Did you know that the vast majority of results from search engines are served from a cache of previously-computed results? Probably only around one third of all queries are actually evaluated using the backend search infrastructure.
Caching provides fast response to most user queries, while allowing search companies to spend much less on hardware, or to devote the resources in their search infrastructure to better computation of results.
Why does caching work in search?
In this post on click curves, I explained that most everything in search follows an inverse power law distribution (a so-called “Zipf curve”). The implication is that a few queries account for the majority of distinct queries, that is, most users are searching for the same things.
AOL memorably released three months of query logs in 2006. They were slammed for doing so and pretty quickly apologized and took down the data. However, it’s a pretty nice data set for our purposes of discussing caching.
The most popular query at AOL in those three months of 2006 was google. Around 0.9% of the queries typed by users were those looking to leave AOL’s search and head over to Google. The second most popular query was ebay at 0.4% of all queries, and the third yahoo at 0.4%. If you sum the frequency of the top ten unique queries, you’ve seen around 3% of all the query volume. Here’s what happens as you inspect more unique queries:
- If you sum the total frequency of the top 100 queries, you get around 6% of all the user query volume
- The top 1,000 unique queries are around 11% of the query volume
- The top 10,000 are around 20% of the volume
- The top 100,000 are around 34% of the volume
- The top 1,000,000 are around 58% of the volume
Those points are plotted on a log-log graph below.
We’d expect there’s diminishing returns in caching more queries and their results. As the queries become less frequent, there’s less benefit in caching their results. There’s no benefit in caching a query that occurs once. By the time you’re caching the millionth query from this set, you’re caching queries that occur only 5 times in 3 months. By the way, there are just over 36 million queries in the log, and about 10 million unique queries when they’re normalized (which I didn’t do a very good job of).
The key point to take away is that if we only store only the results for the top 100,000 queries, we can save our search backend from having to evaluate around 34% of all the queries that users pose.
This is a slight exaggeration, since we can’t quite key our search cache on query string alone. Remember that web search users have different language preferences, safe search settings, and so on. All up, the key for our cache probably has around ten parts — but remember than most users likely stick with the defaults, and so the query is the most variable element in the key. I don’t know quite what effect this’d have — but I bet it’s small (say, it reduces the caching effectiveness of the top 100,000 queries from 34% to 32% or so). I expect that the recent Bing and Google pushes into personalization have made caching harder: but I also bet that personalization affects relatively few queries.
Storing Cached Data
The key to the cache is the query and around ten other elements including safe search settings, language preference, market, and so on.

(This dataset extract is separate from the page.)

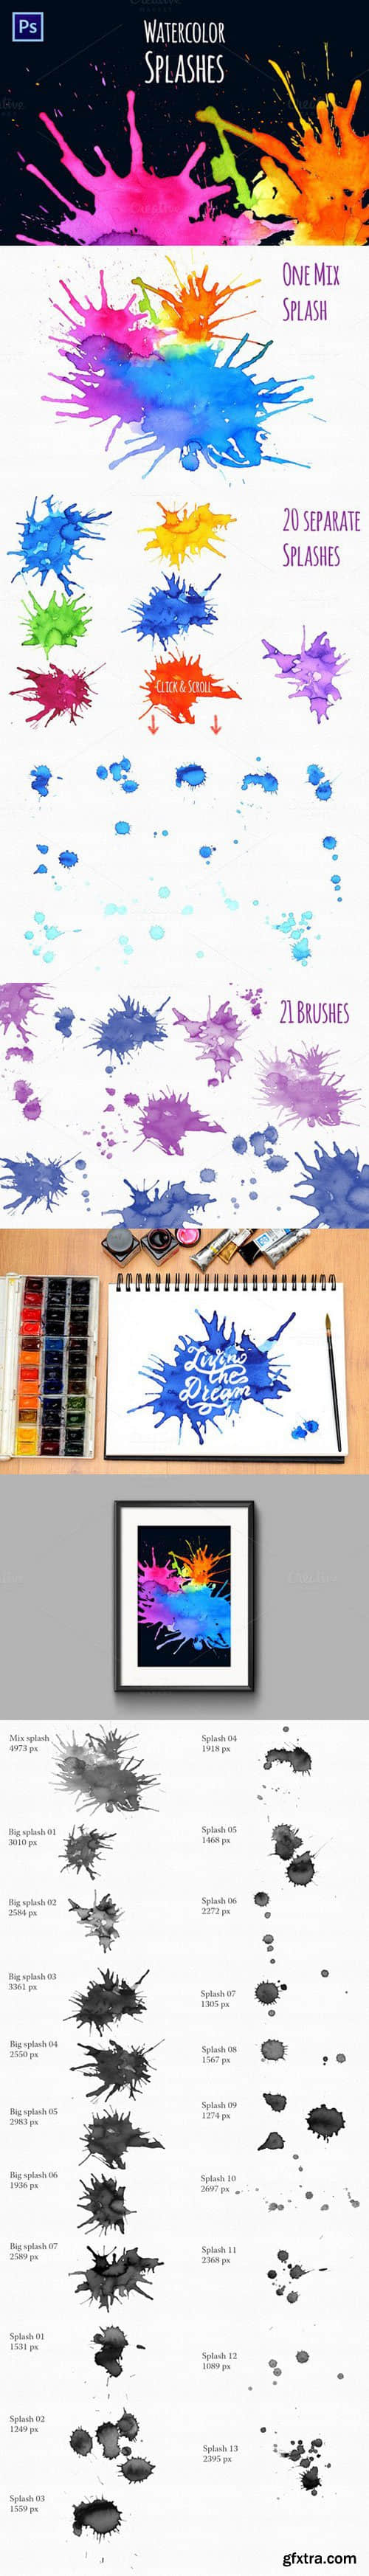 超高清水彩喷溅效果、油漆水墨滴溅Photoshop笔刷免费下载

What’s stored in the cache is the results of the query with those settings. For web search, the results includes the list of matching URLs, the snippets, freshness information (more in a moment), and other elements you need to build the page. You might, for example, store the related searches, or the images or news or videos that are associated with queries that show more than web search results.
One of the tricks of caching is knowing when to expire what’s in the cache. You don’t want to keep showing results for a query when the results have actually changed; for example, maybe there’s a new snippet, or a URL has changed, or a new result has entered the top ten results, or there’s some breaking news. Here’s a few factors I thought of that you could use to expire results in the cache:
- Historical change rate of the results (record how frequently the results change, and use that data to predict when it’ll change in the future)
- What data is being displayed (if the results contain, for example, news sites, perhaps you expire the cache entry earlier)
- Change in query frequency (if users suddenly start typing a query much more frequently, that’s a clue that’s something has changed)
- How long the results have been cached (perhaps you have some time limits that ensure everything is refreshed on a cycle)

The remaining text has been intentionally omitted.